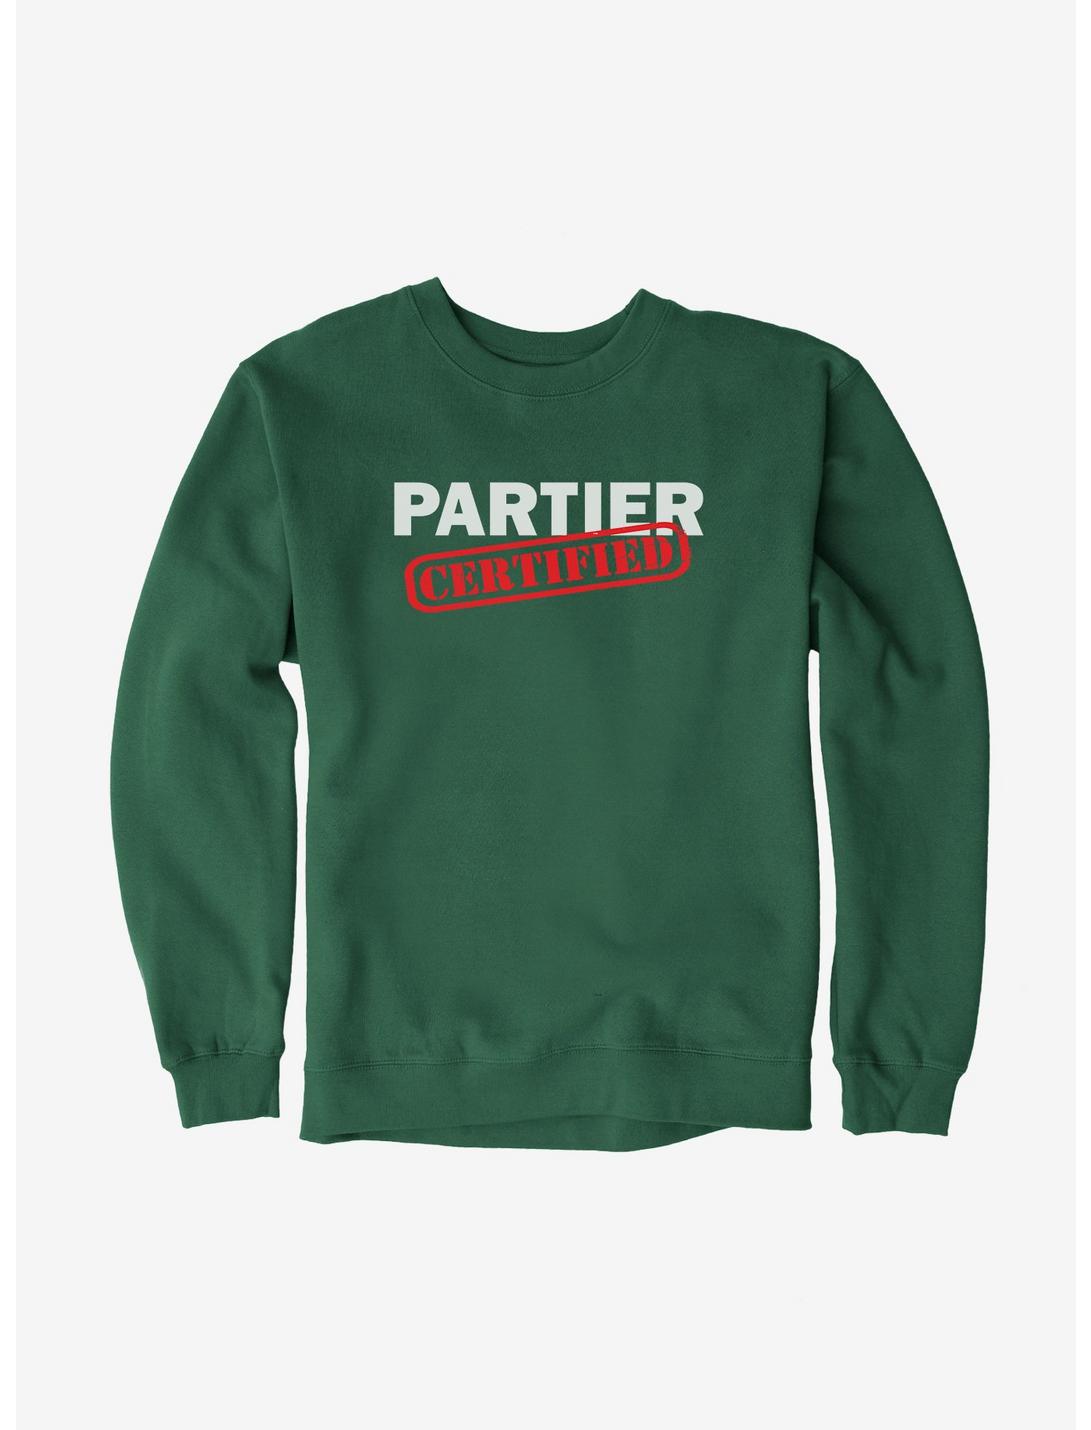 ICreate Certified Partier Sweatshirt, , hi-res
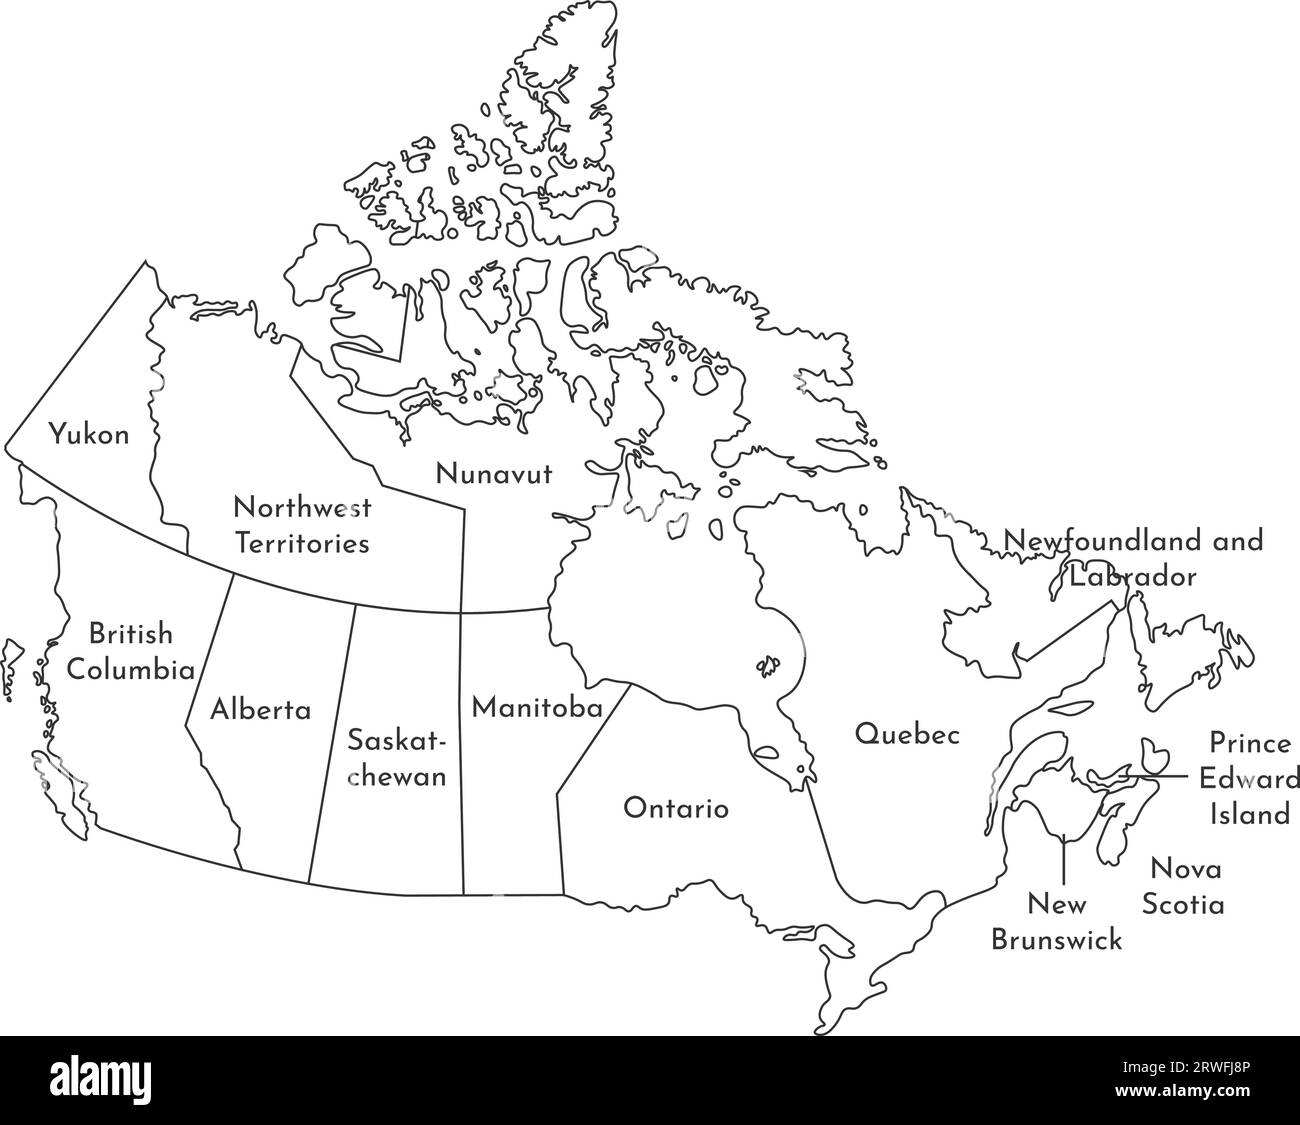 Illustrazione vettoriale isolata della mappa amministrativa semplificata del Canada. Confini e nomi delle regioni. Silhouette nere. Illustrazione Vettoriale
====================
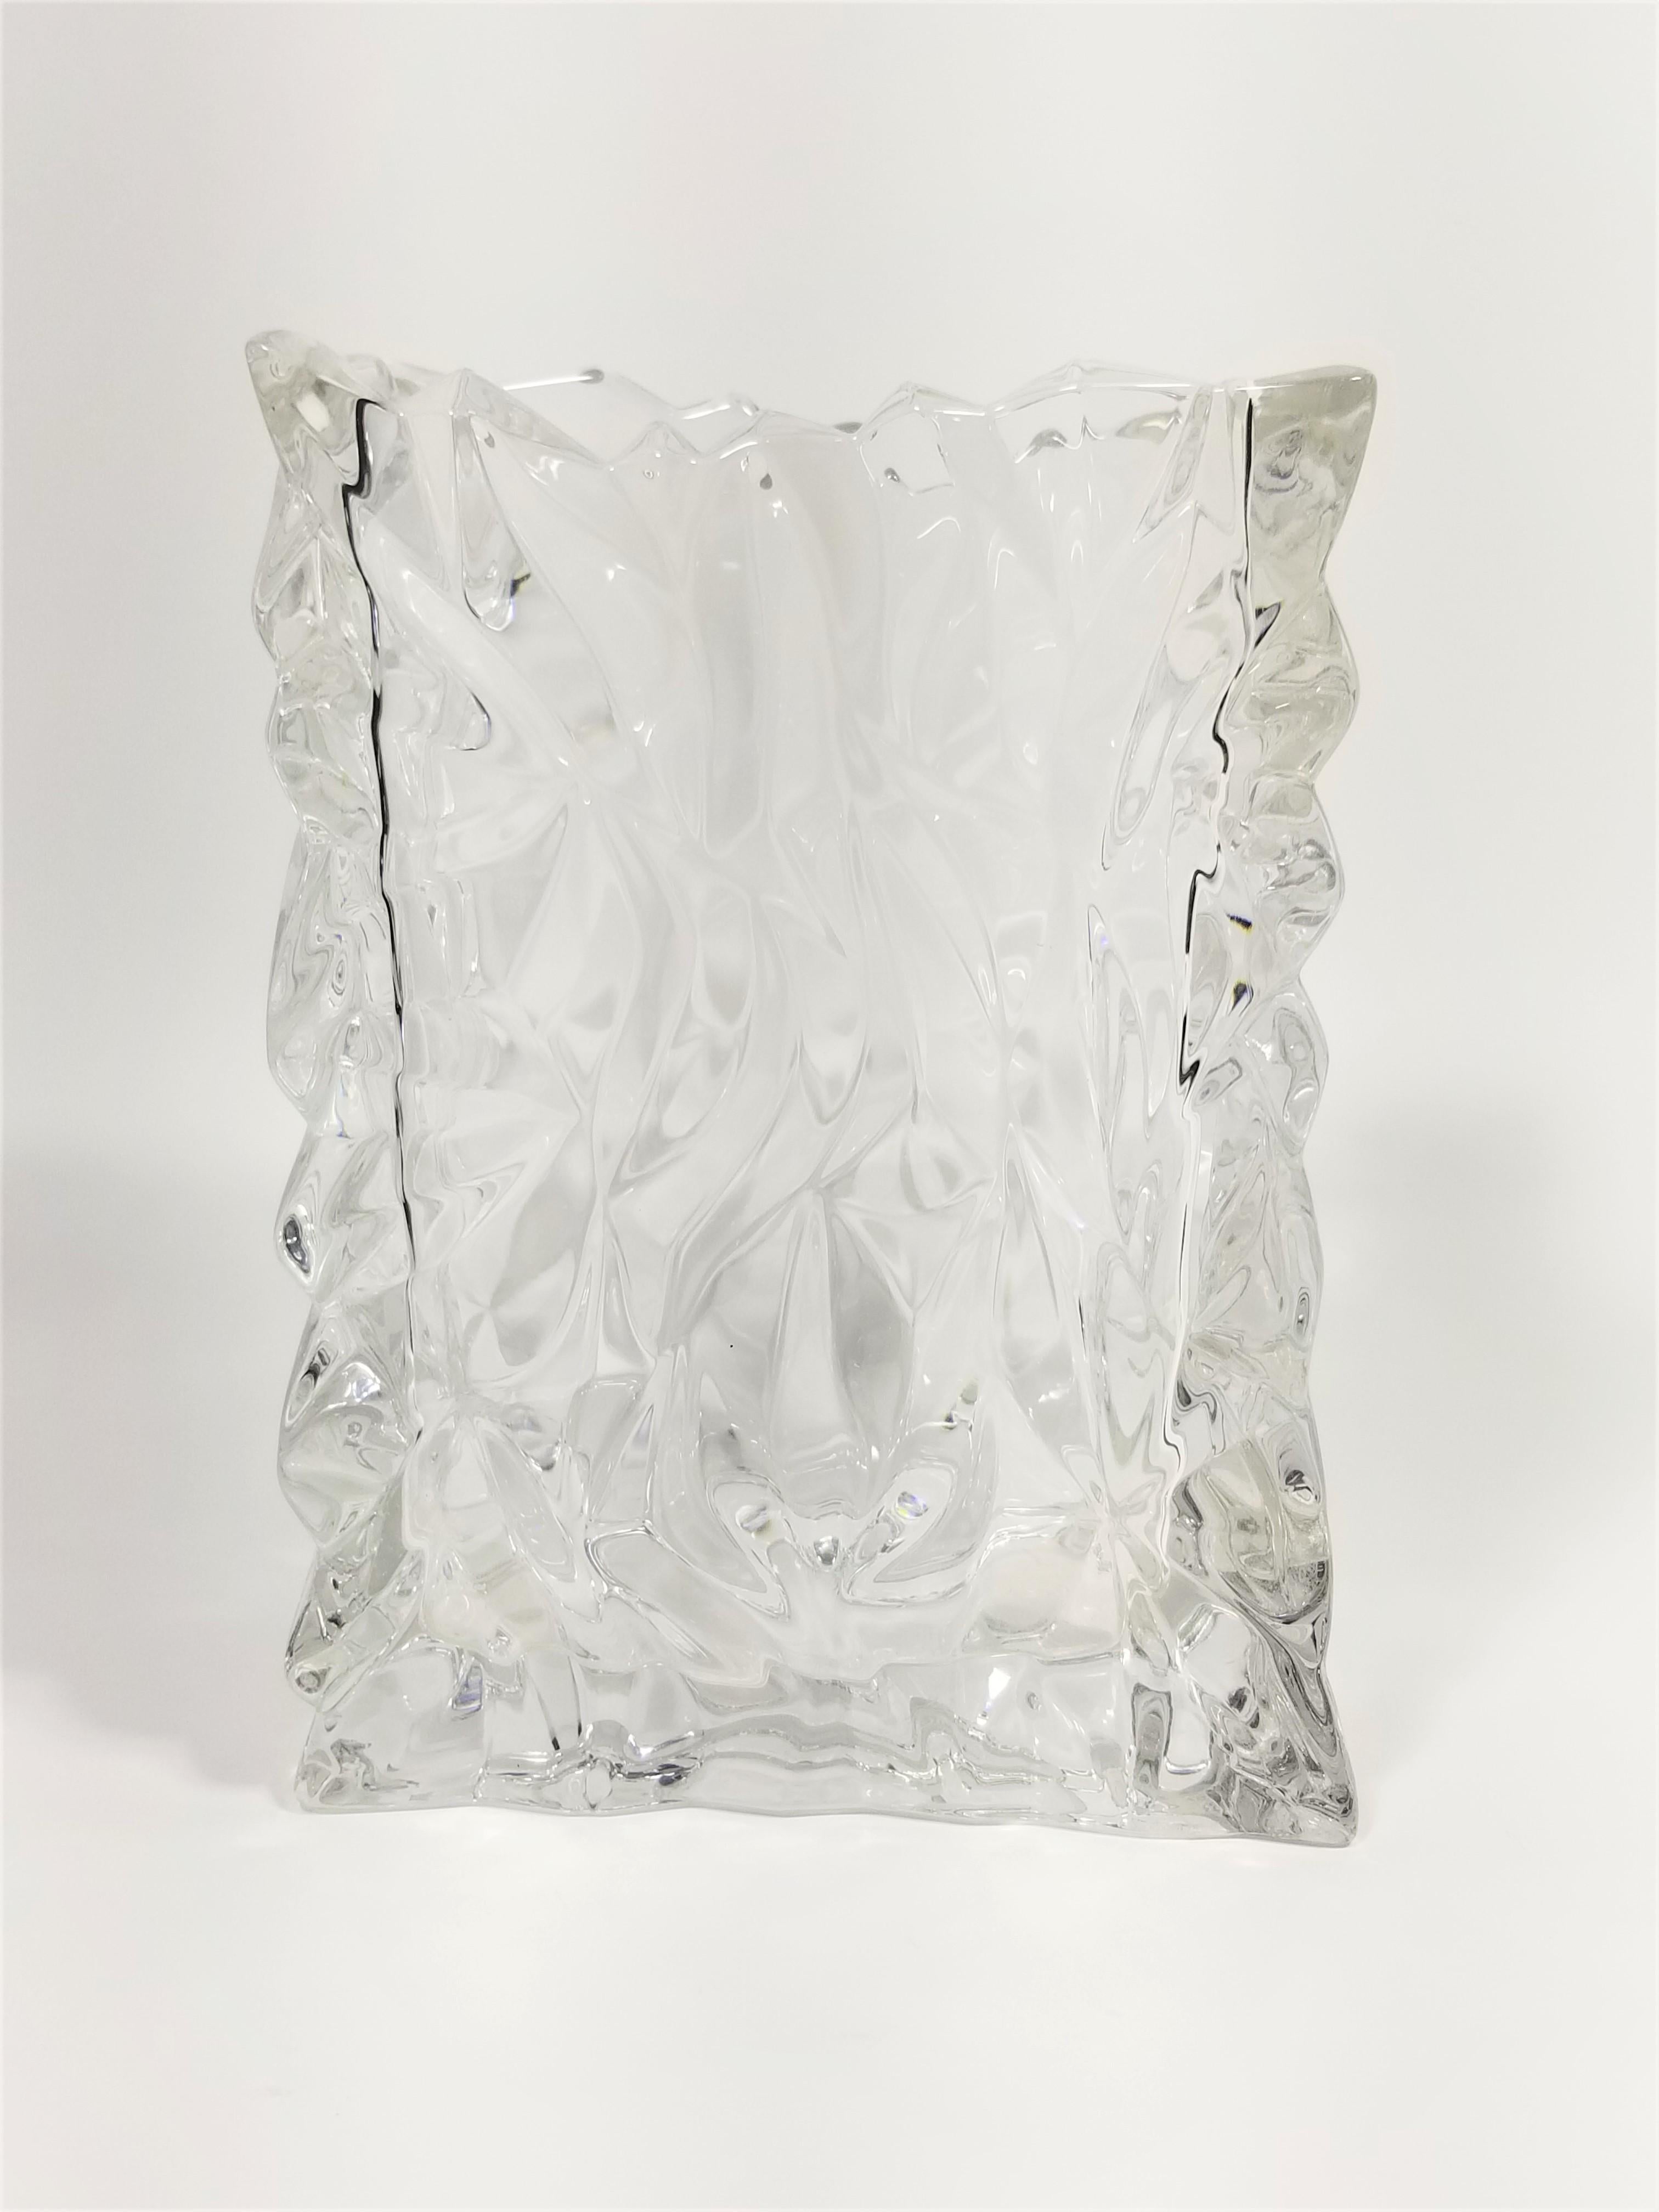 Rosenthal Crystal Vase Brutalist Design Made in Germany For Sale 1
====================
*TASK DETAILS:*
The answer is those lines of the material above that run from the one containing "ICreate Certified Partier" up to and including the one containing "Illustrazione vettoriale isolata", restated exactly and without images.

*RESPONSE:*
 ICreate Certified Partier Sweatshirt, , hi-res
 Illustrazione vettoriale isolata della mappa amministrativa semplificata del Canada. Confini e nomi delle regioni. Silhouette nere. Illustrazione Vettoriale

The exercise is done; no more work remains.